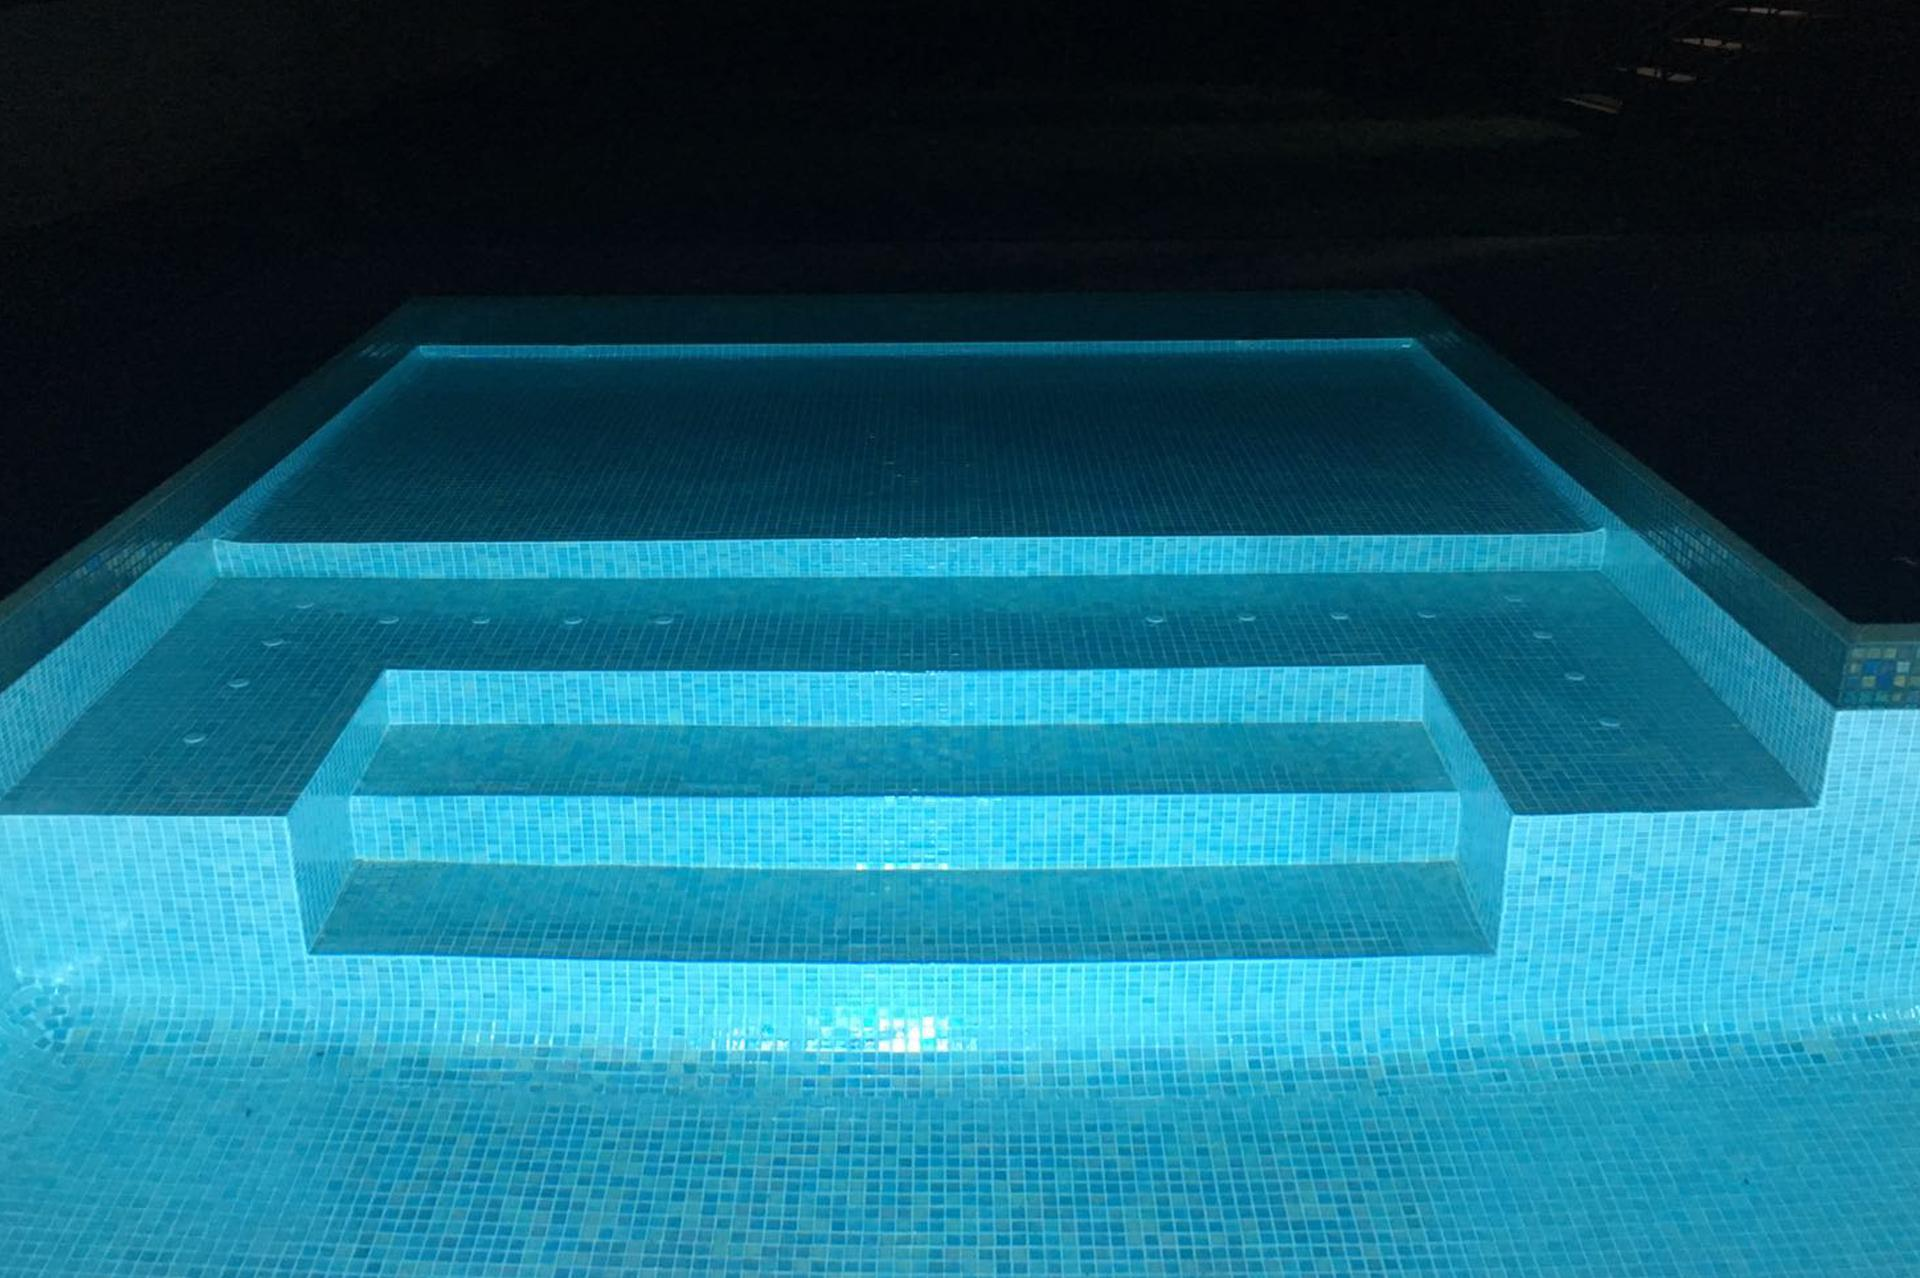 reforma_piscina_1_4
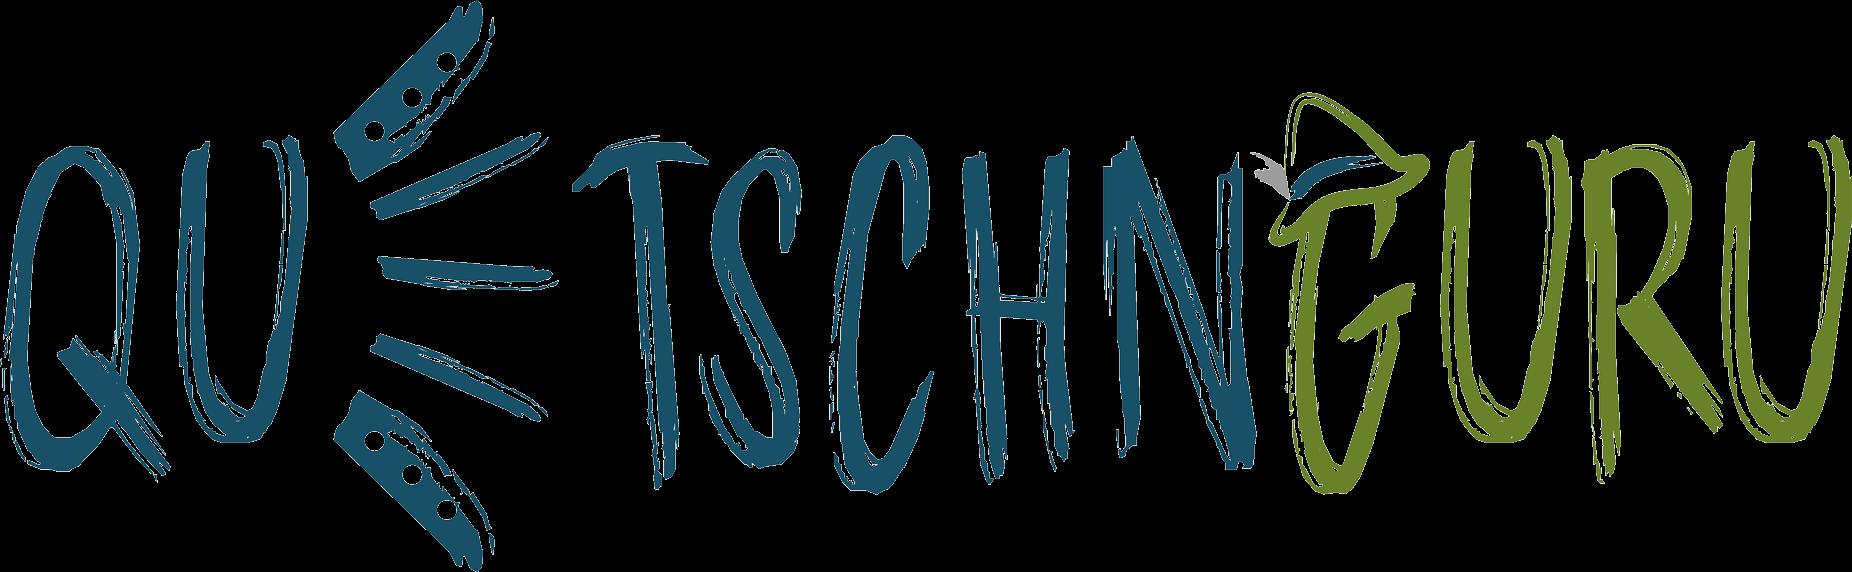 Quetschnguru Logo
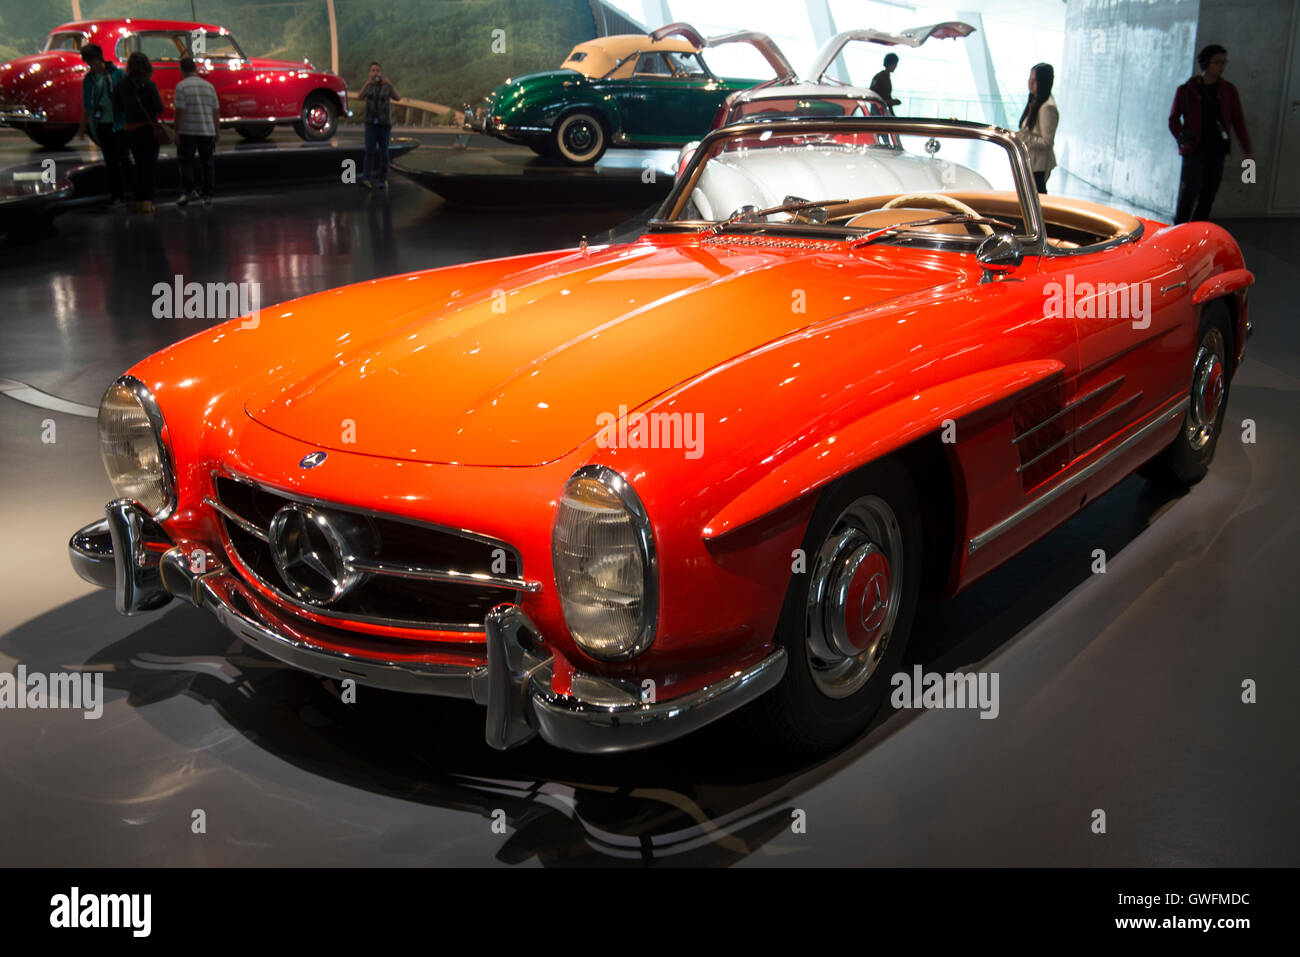 1962 Mercedes-Benz 300 SL Roadster, succeeded in 1957 the legendary 'Gullwing', Mercedes-Museum, Stuttgart, - Stock Image
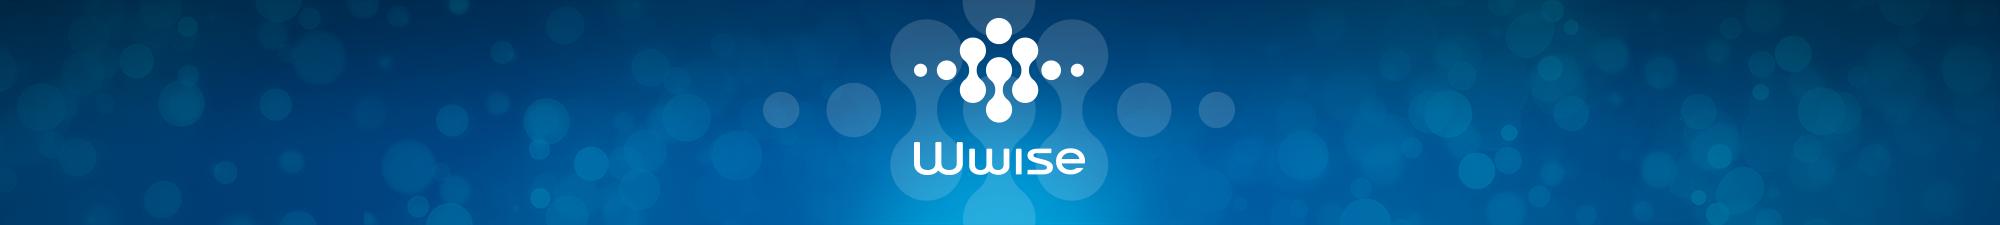 AUDIO-Entetes2020-2000x225-Wwise-03
——————————
# ACTION ITEM:
In the material above, retype exactly the lines that run from the one containing "Quetschnguru Logo" through the last line, and keep out the pictures.

# ANSWER BELOW:
 Quetschnguru Logo
 1962 Mercedes-Benz 300 SL Roadster, succeeded in 1957 the legendary 'Gullwing', Mercedes-Museum, Stuttgart, - Stock Image
 AUDIO-Entetes2020-2000x225-Wwise-03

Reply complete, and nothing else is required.